4. **`shared.Run` startup gate:** if bind is non-loopback AND
`cfg.Auth.Token == ""`, refuse to start. The implicit
"localhost is the auth layer" guarantee becomes explicit when
crossing the loopback boundary.
### Alternatives considered
| Option | Why rejected |
|---|---|
| **mTLS** | Strongest but heaviest — every binary needs cert provisioning, rotation tooling, and cert-aware client wiring. Overkill for inter-service traffic that already passes through a single gateway. Reconsider when Lakehouse-Go runs across machines. |
| **JWT with short TTL** | Buys nothing over Bearer here — there's no third-party identity provider, no claim hierarchy worth modelling. Pure token has the same security properties at half the wire complexity. |
| **No auth, IP-allowlist only** | One stolen IP allowlist entry → full access. Token + IP is defense in depth; either alone is too weak. |
| **OAuth2 via external IdP** | Rejected for G0G3 timeline. No external IdP commitment. Revisit if Lakehouse-Go ever serves end-user requests directly (today everything fronts through the staffing co-pilot which has its own session model). |
### Constant-time comparison + token hygiene
Token comparison must use `crypto/subtle.ConstantTimeCompare`
naive `==` is vulnerable to timing attacks against an attacker who
can issue many requests and measure round-trip. Token rotation is
operator-driven via `secrets-go.toml` edit + restart; G0 doesn't
need rotate-without-restart.
### What this ADR does NOT do
- **Does not implement the middleware.** Code lands in Sprint 1.
- **Does not require token in G0 dev.** Empty token → no-op. Smokes
+ proof harness keep working without setting tokens.

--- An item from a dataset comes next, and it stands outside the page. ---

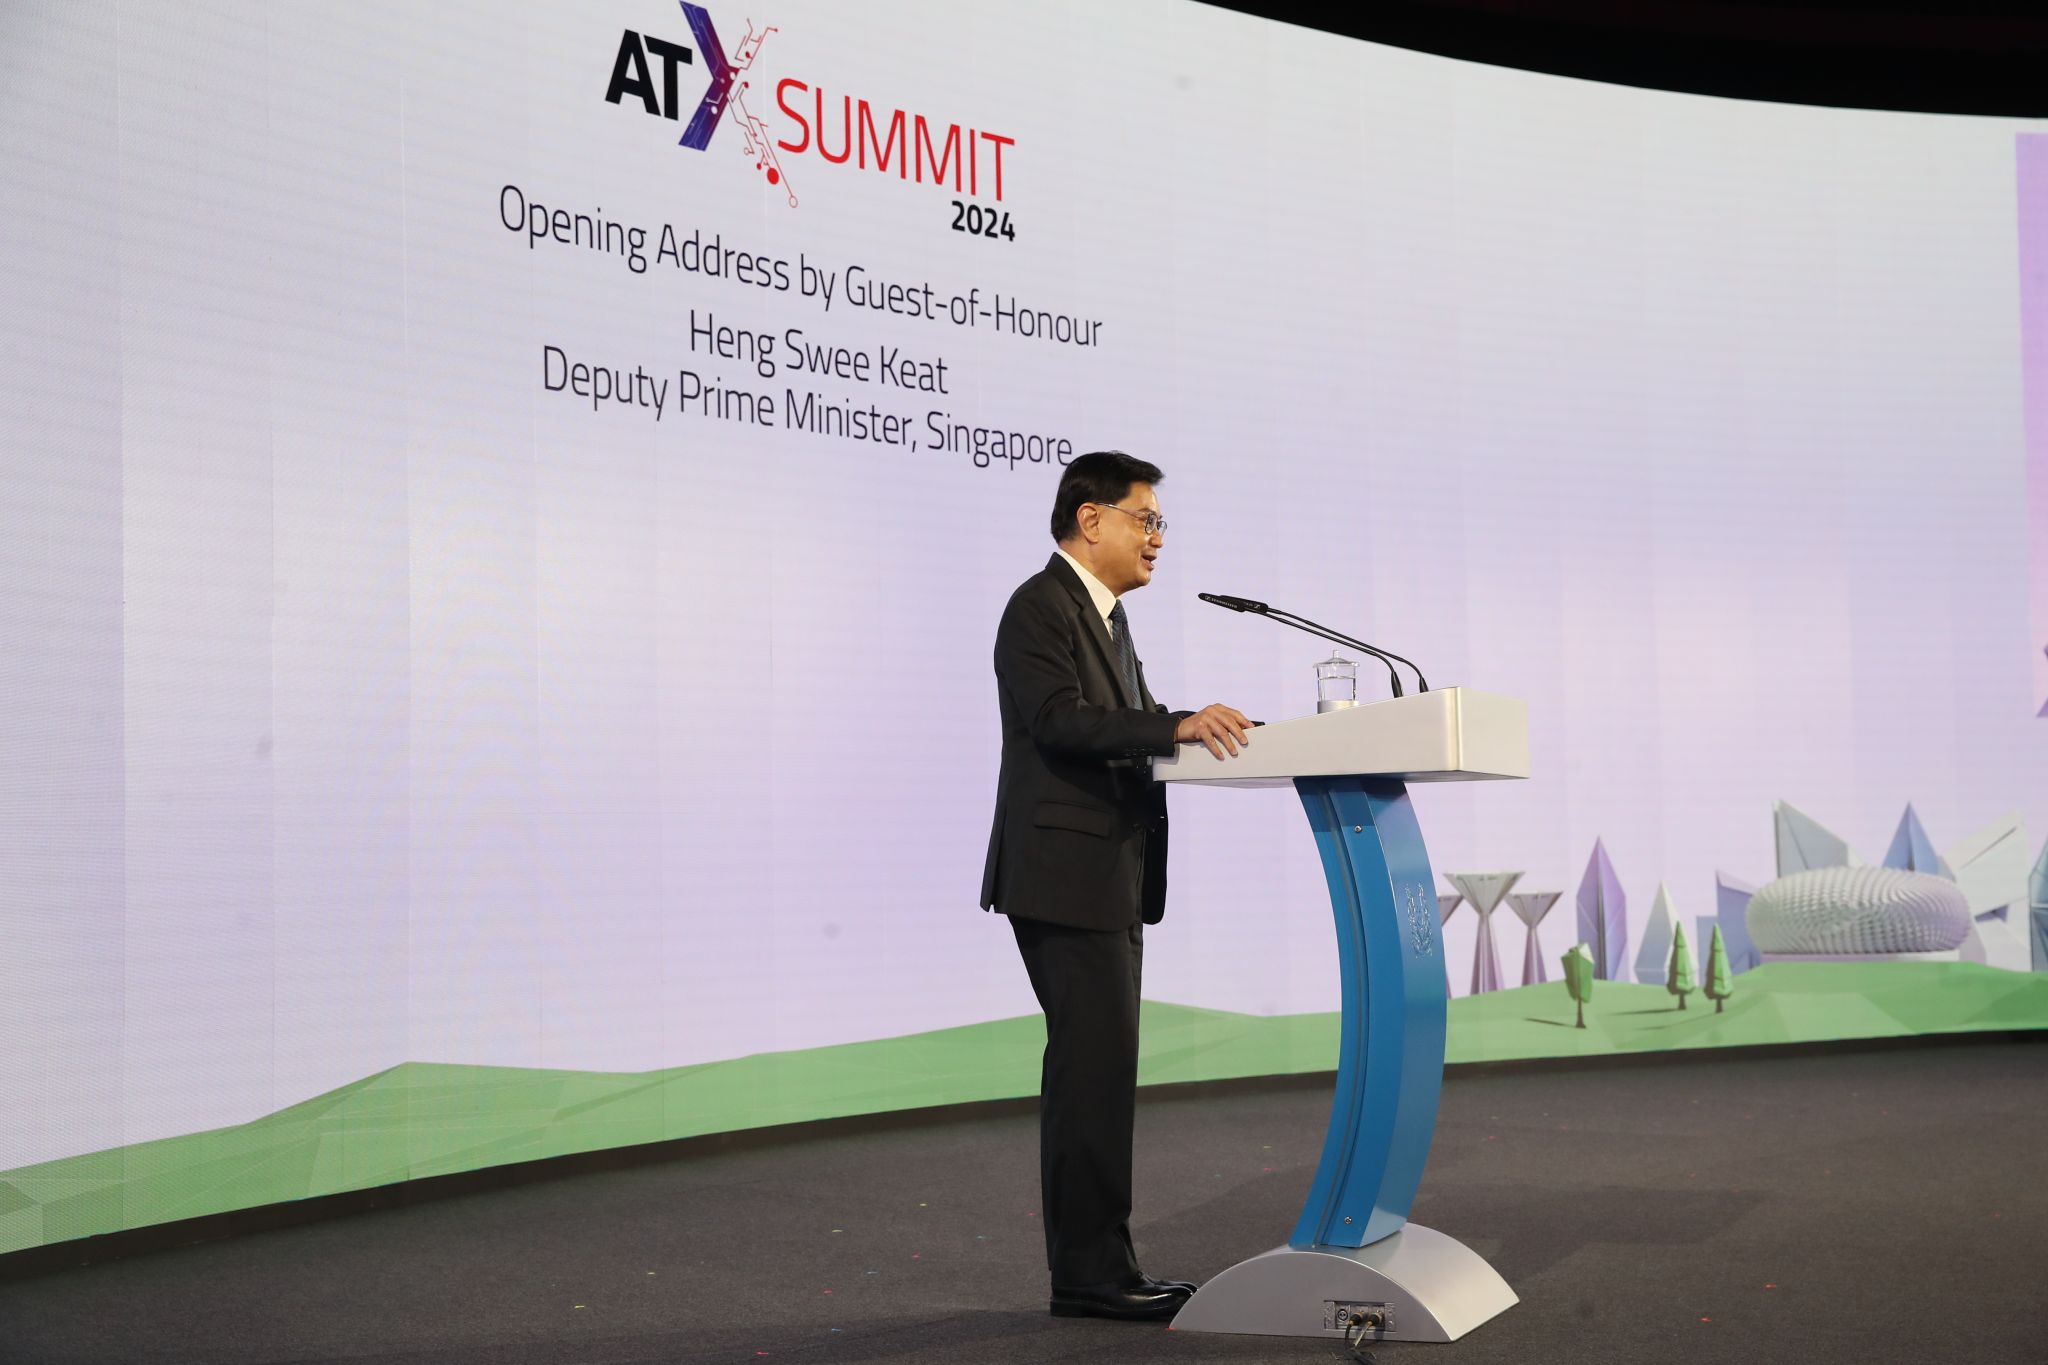 Singapore Deputy Prime Minister Mr Heng Swee Keat on stage at the Asia Tech x Summit on 30 May 2024. The backdrop announces the Opening Address by Guest-of-Honour Mr Heng.

- **Does not address gateway → end-user auth.** Gateway terminates
inter-service auth at its inbound; if end-users hit gateway from
a browser, that's a different ADR (likely cookie/session, fronted
by a reverse proxy that handles user auth).
### How this closes audit findings
- **R-001 (queryd /sql RCE-equivalent off-loopback):** the bind
gate prevents accidental exposure today; this ADR specifies the
guardrail when intentional exposure is needed.
- **R-007 (zero auth middleware):** answered by the design above;
R-007 stays open until the middleware is implemented but is no
longer "design TBD."
- **R-010 (no CORS posture):** orthogonal to inter-service auth,
but the `RequireAuth` middleware sits at the right layer to add
CORS handling later (browsers don't reach inter-service routes
in the current design, so CORS is also Sprint 1+ when end-user
requests start landing).
---
(Future ADRs from ADR-004 onward will be added as the Go
implementation accrues design decisions — e.g. HNSW parameter
choices, pathway-memory hash function, auditor model rotation, etc.)